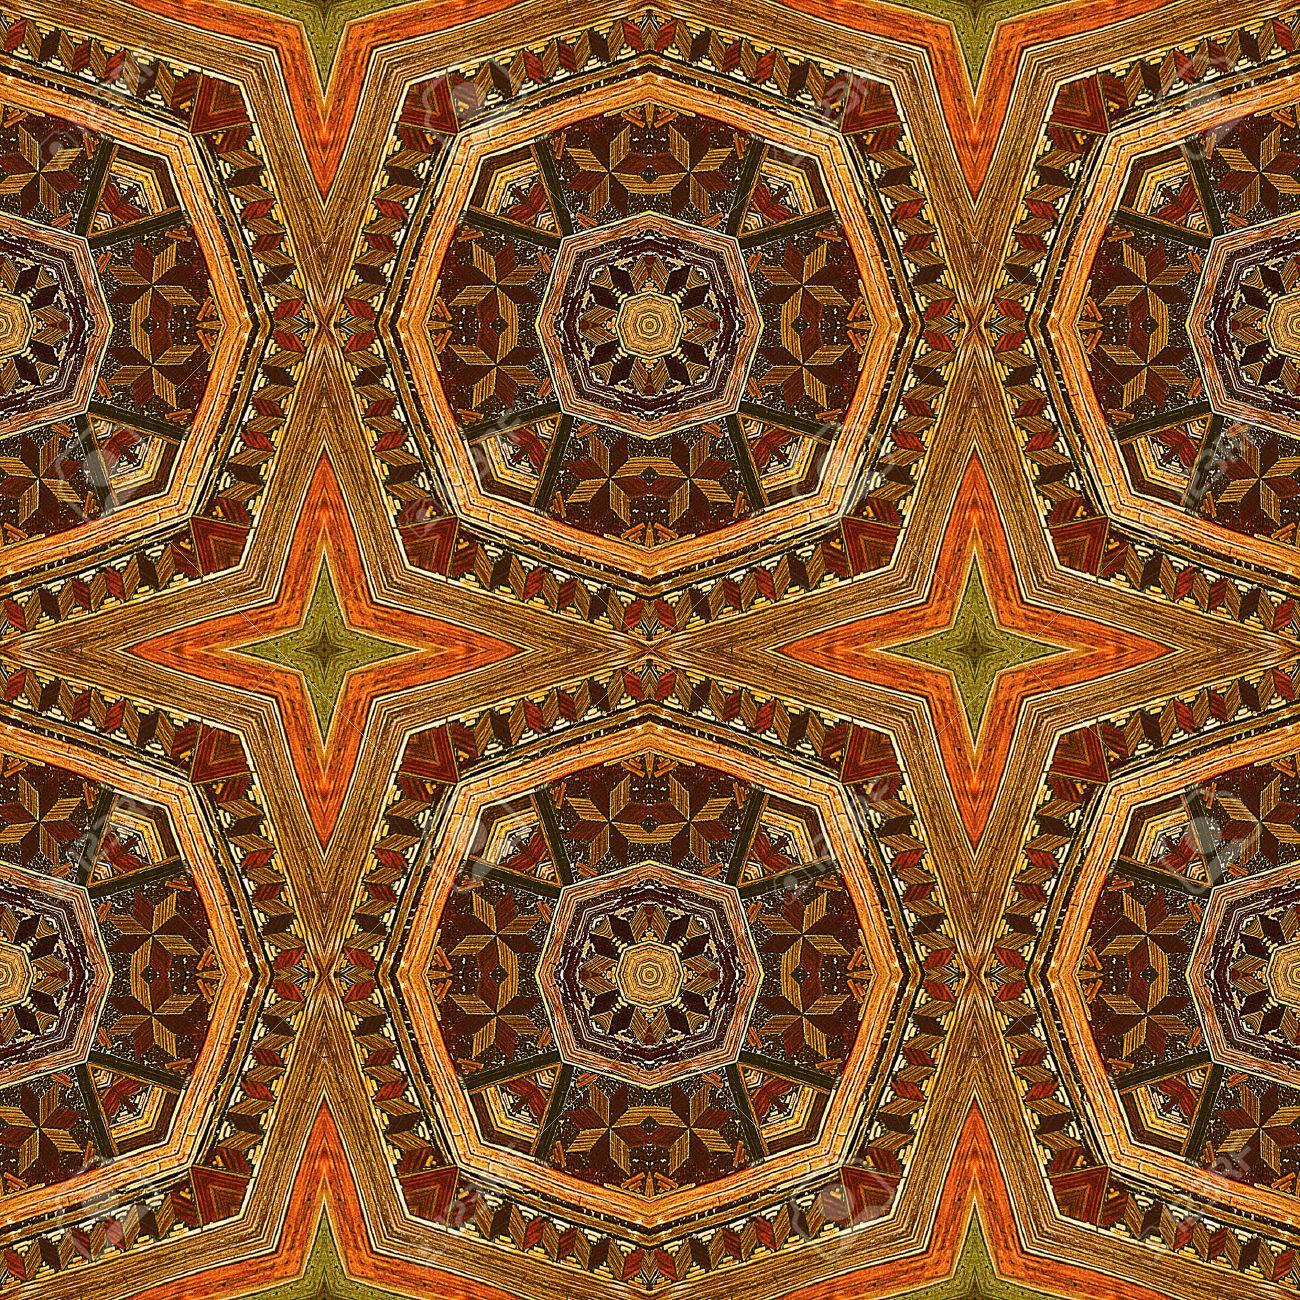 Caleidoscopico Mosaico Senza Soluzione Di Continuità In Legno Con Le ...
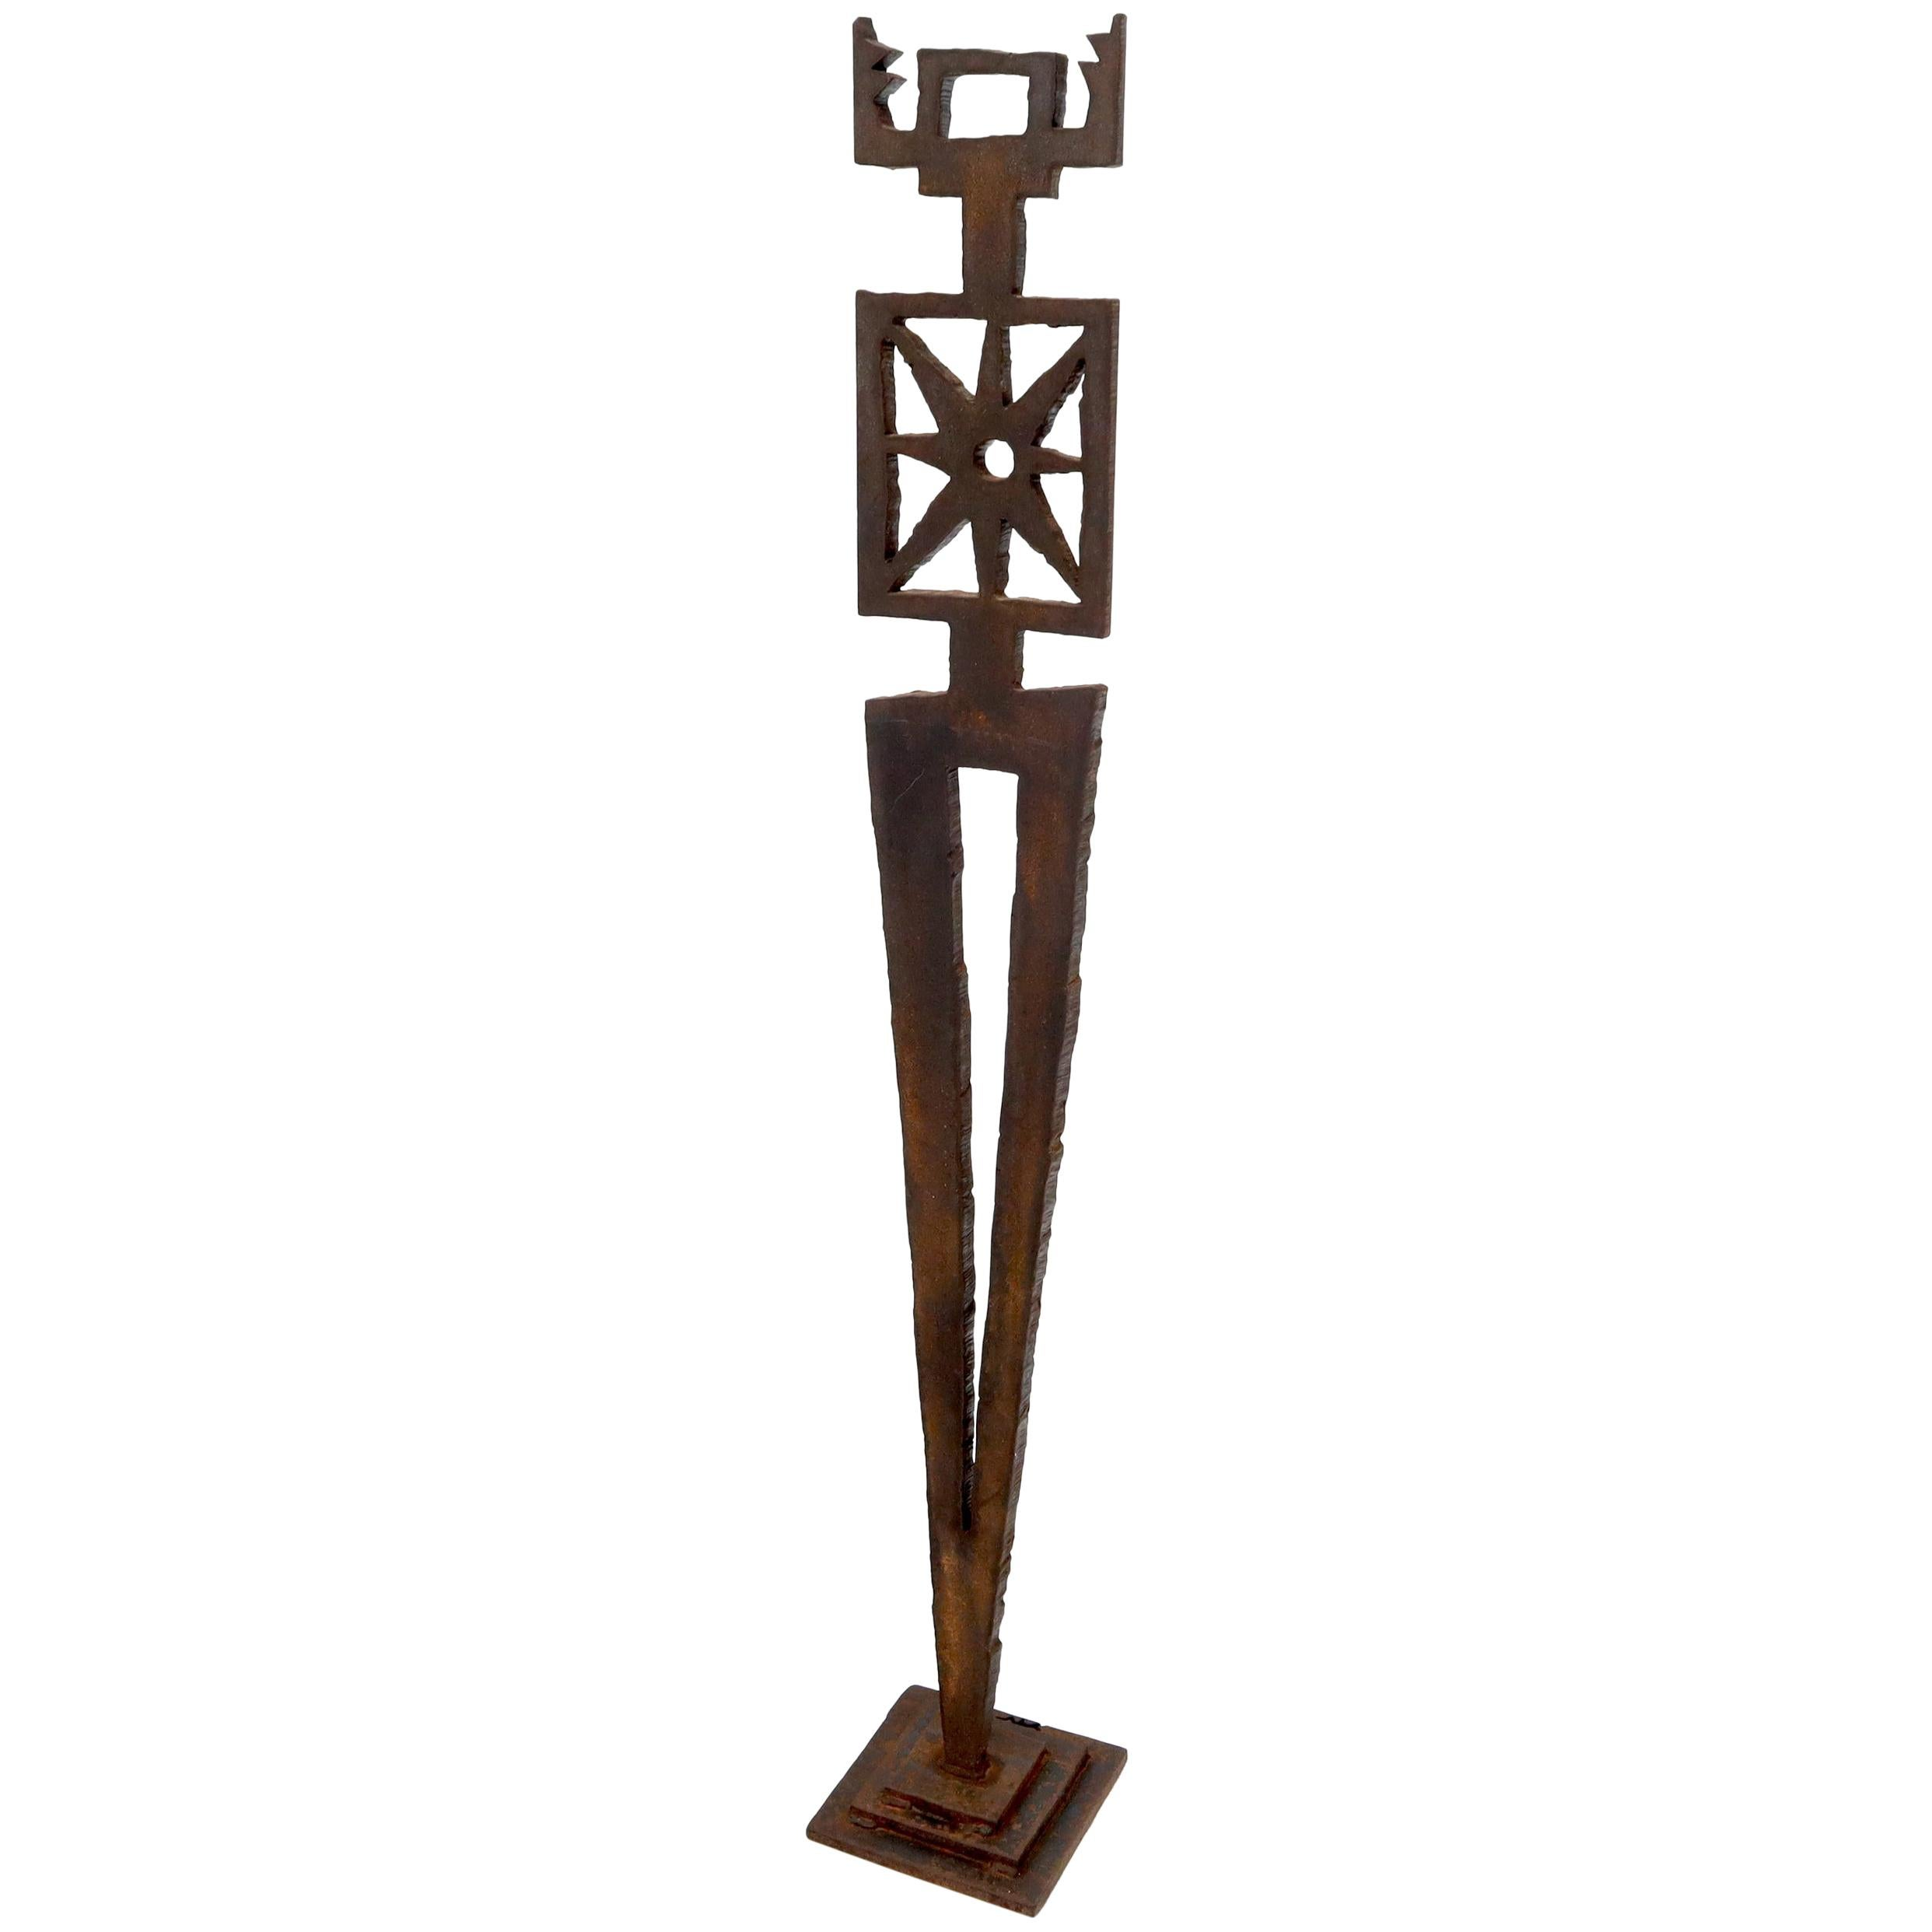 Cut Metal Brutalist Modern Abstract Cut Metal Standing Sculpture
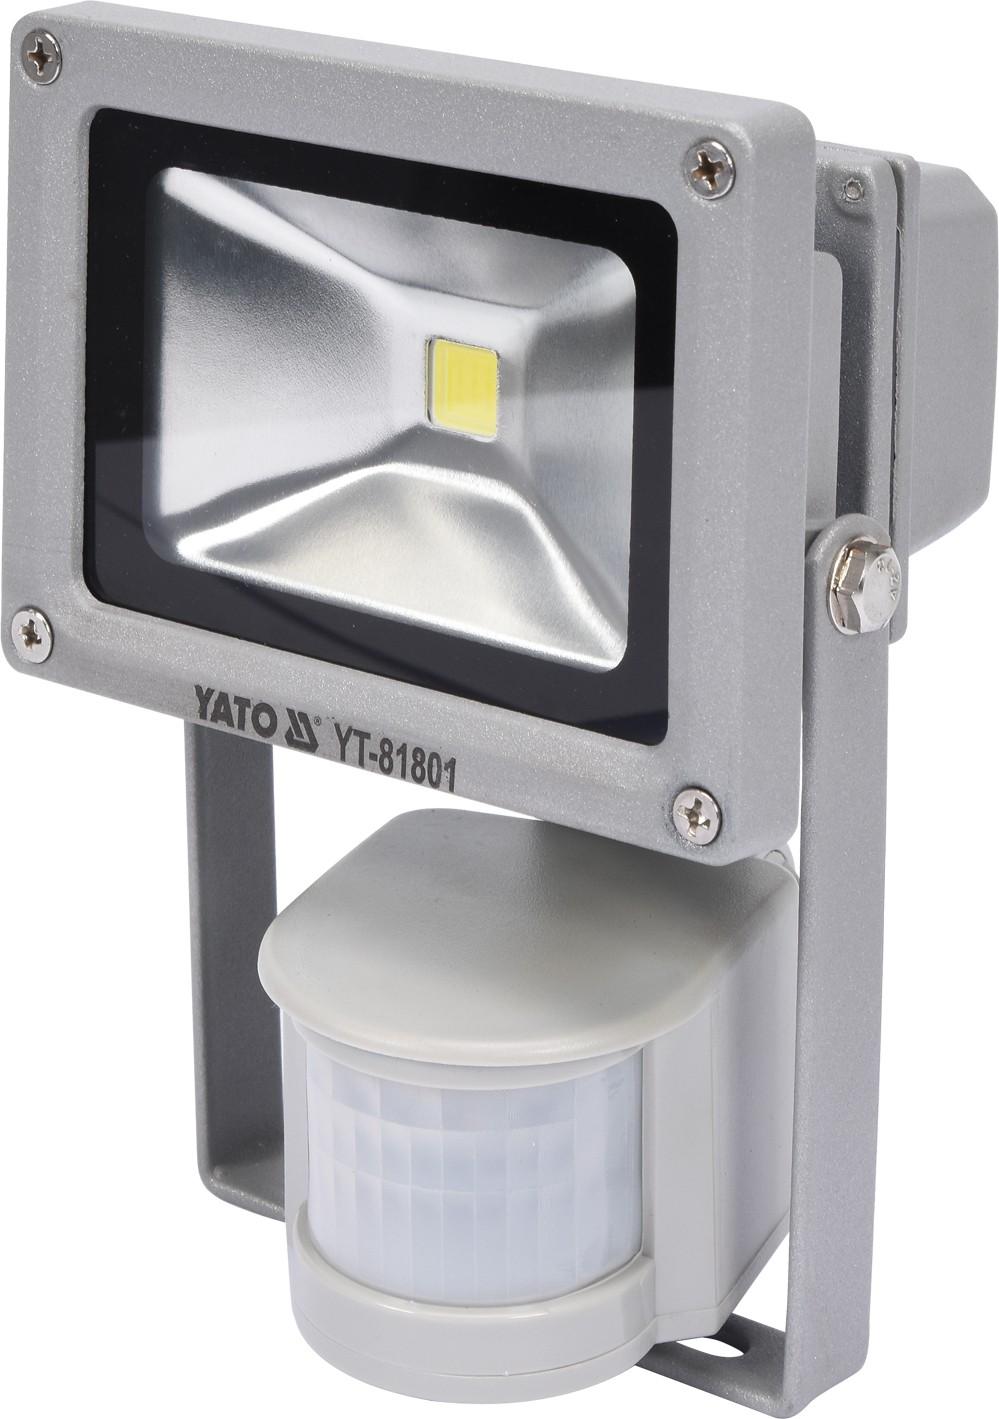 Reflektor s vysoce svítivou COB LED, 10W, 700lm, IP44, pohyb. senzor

#### [What you have to do]
Every line above is to be repeated exactly, but no picture is to appear in the copy.

#### [Written solution]
 Caleidoscopico Mosaico Senza Soluzione Di Continuità In Legno Con Le ...
 Cut Metal Brutalist Modern Abstract Cut Metal Standing Sculpture
 Reflektor s vysoce svítivou COB LED, 10W, 700lm, IP44, pohyb. senzor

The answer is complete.